Thanks so much for the message! I was totally sideswiped by this Holidailies honor, and thrilled!!
I also agree with your approach to “normal” eating. That’s my goal–to be able to do what the naturally slim people do. And, like you, I abhor measuring or weighing (food, or myself), or keeping track of points, etc. I feel I should just be able to eat foods that are good for me, until I don’t feel like eating any more (it’s that last part that’s still a problem).
Great inspiration to know that the weight can be lost and kept off without worrying about the scale at all. Yours was the first message I saw that told me about the “Best of,” so thanks! And to everyone who did read, I’m really grateful. Wow! This blogging thing is turning out to be an incredible amount of fun!!

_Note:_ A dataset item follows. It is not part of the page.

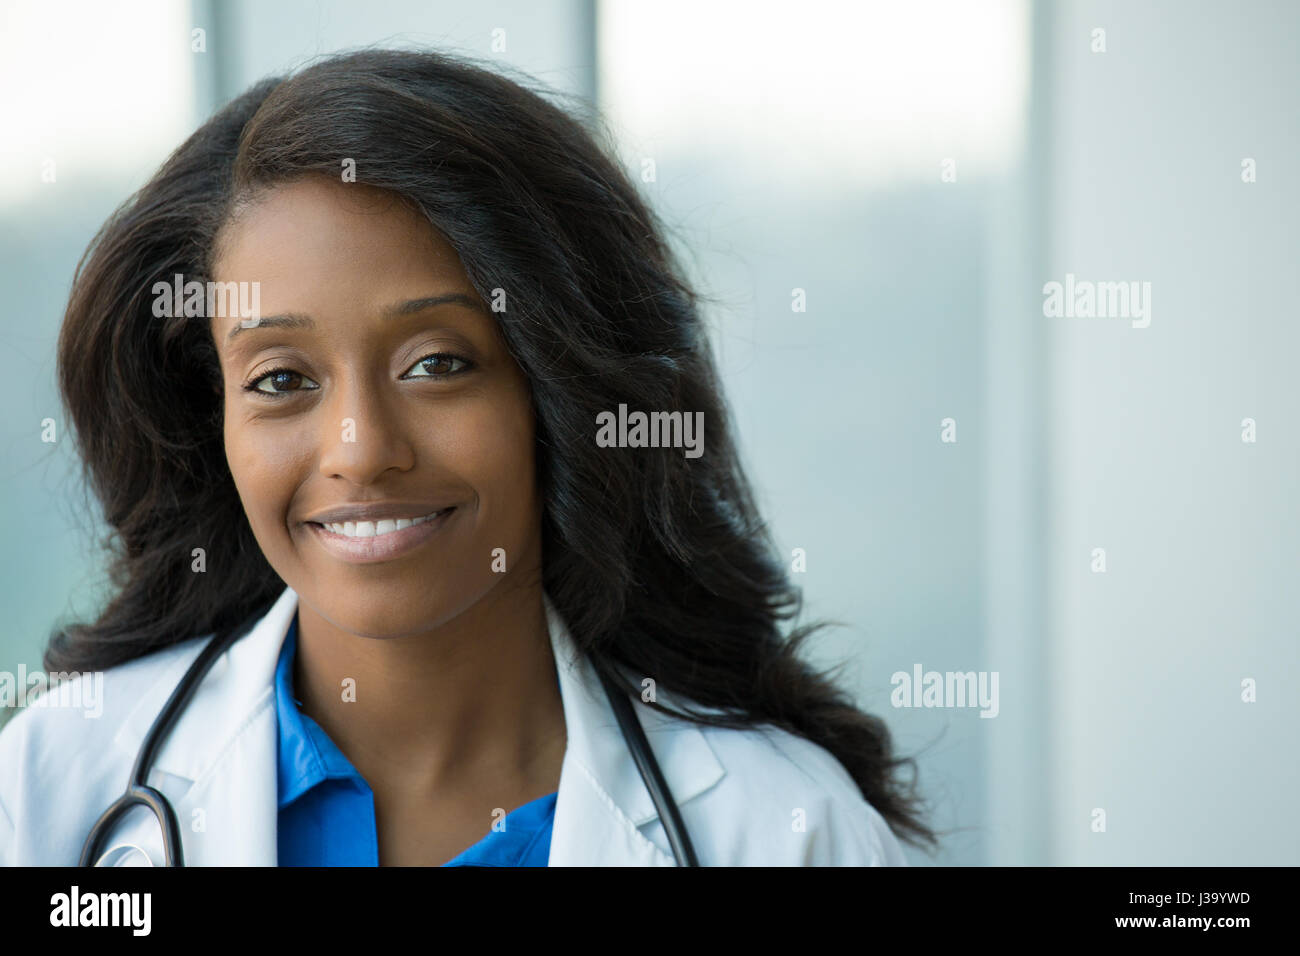 Closeup portrait of smiling confident female amical, professionnel de santé avec manteau de laboratoire, stéthoscope, les bras croisés. Hôpital clinique isolé retour Banque D'Images

Hi Ricki! I checked out your latest and I so agree: weekly weigh-ins are not at all inspiring. As someone who has lost approximately 15 pounds this past year without dieting (I just ate “normally” which meant in a healthy way), I have become a firm believer in weighing myself only every three months or so. It really is a more realistic way to go, given how much our weight can fluctuate even within a day.